What you will do
Restate every line below word for word, but drop each picture.

Dataset content
-- -- --
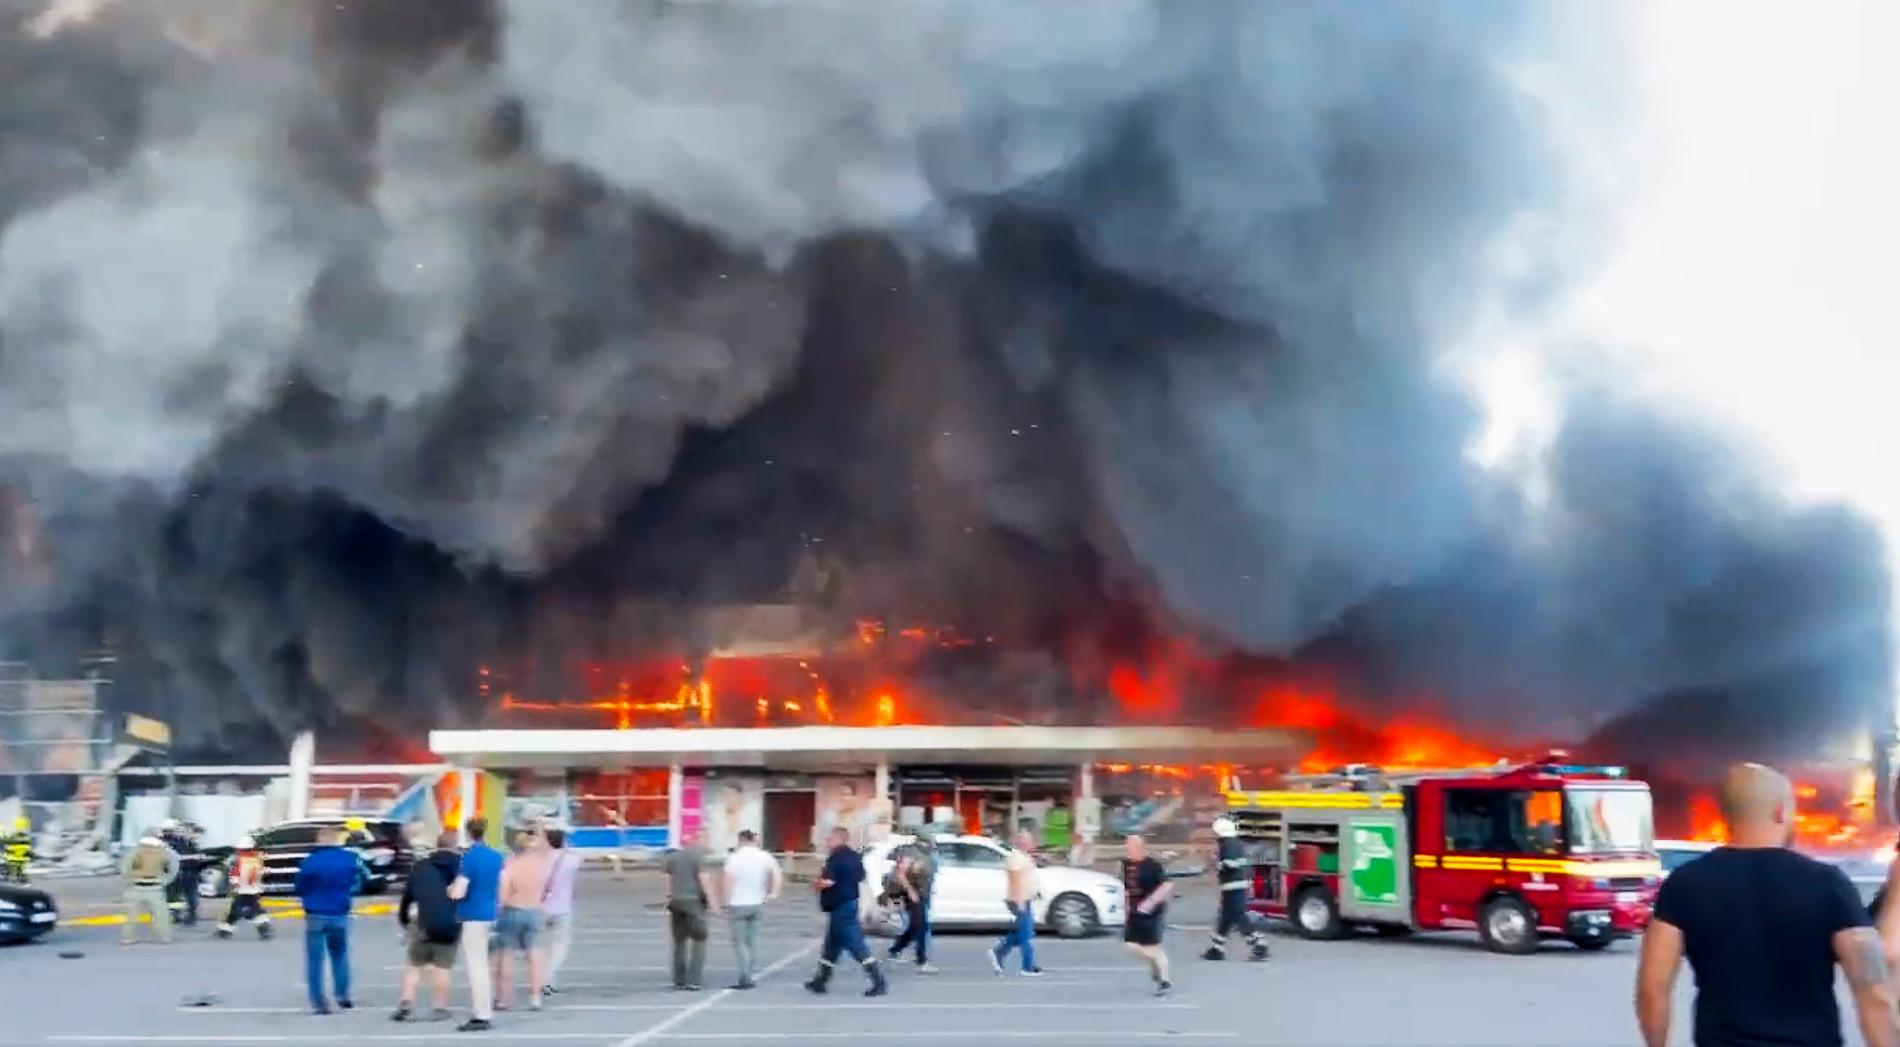 Sale il bilancio delle vittime dopo l’attacco al centro commerciale in Ucraina – VG
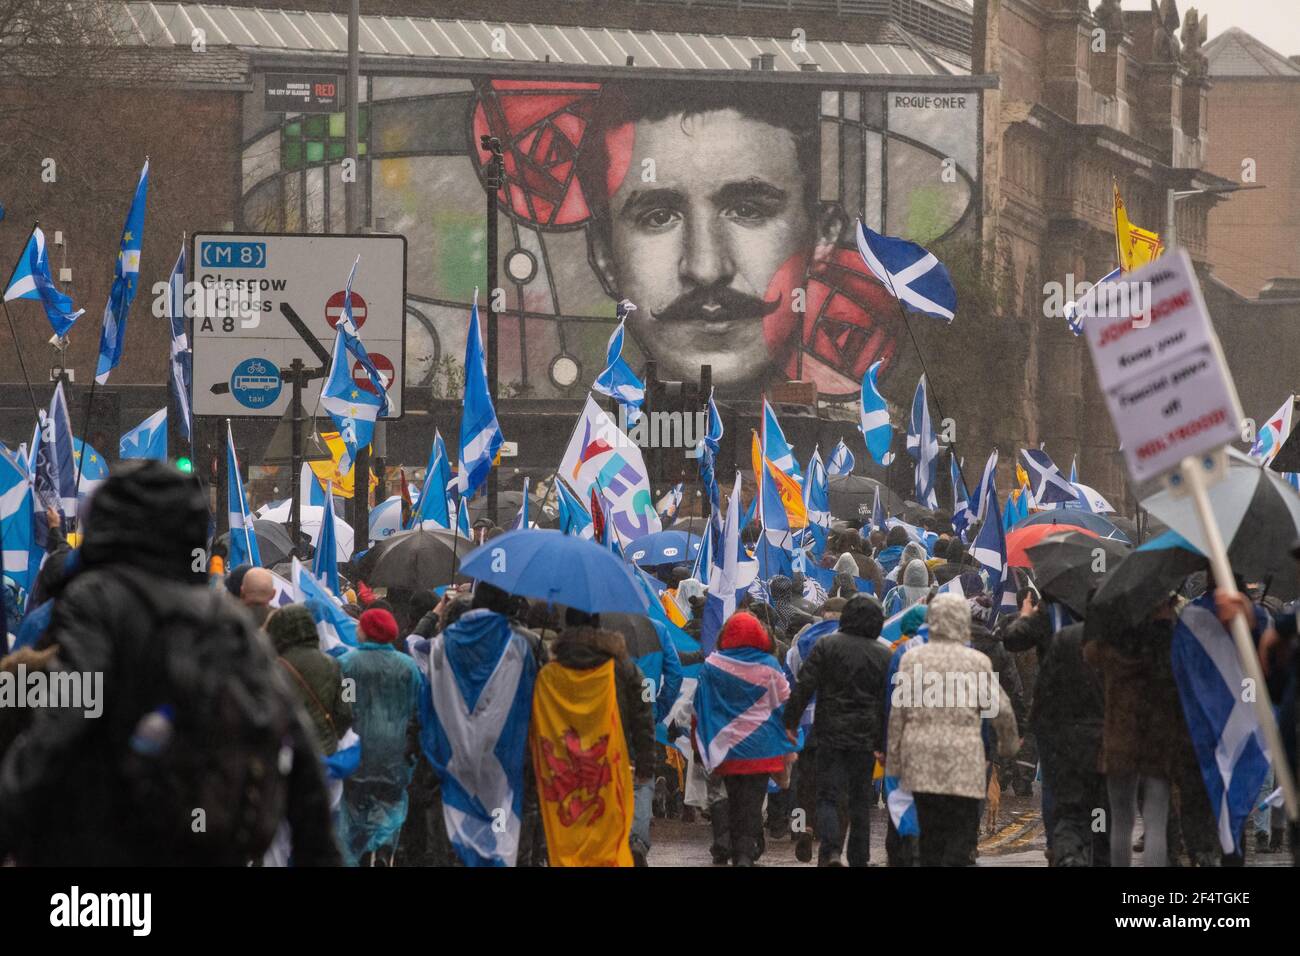 Les partisans écossais de l'indépendance défilent devant la fresque Rennie Mackintosh à Glasgow, Écosse, Royaume-Uni - janvier 2020 Banque D'Images
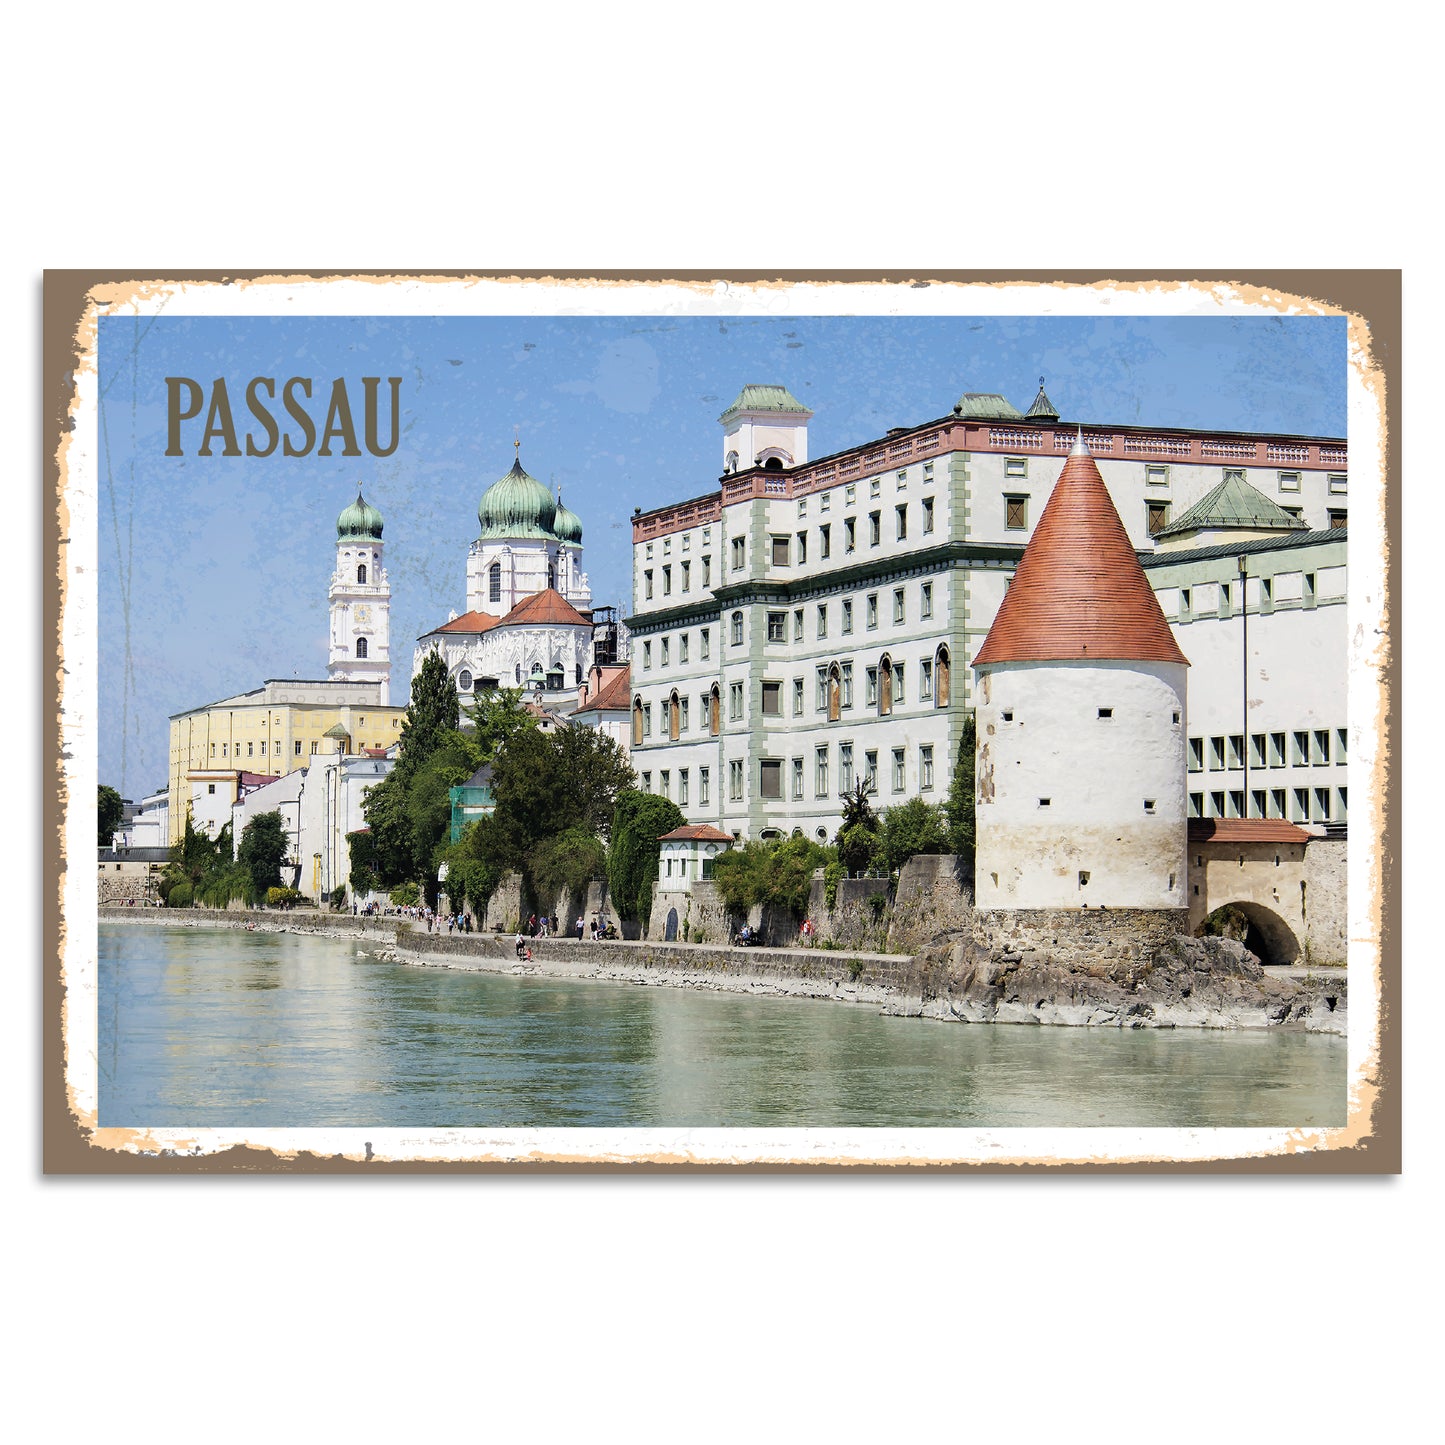 Blechschild - Passau
-- -- --
Task response
 Sale il bilancio delle vittime dopo l’attacco al centro commerciale in Ucraina – VG
 Les partisans écossais de l'indépendance défilent devant la fresque Rennie Mackintosh à Glasgow, Écosse, Royaume-Uni - janvier 2020 Banque D'Images
 Blechschild - Passau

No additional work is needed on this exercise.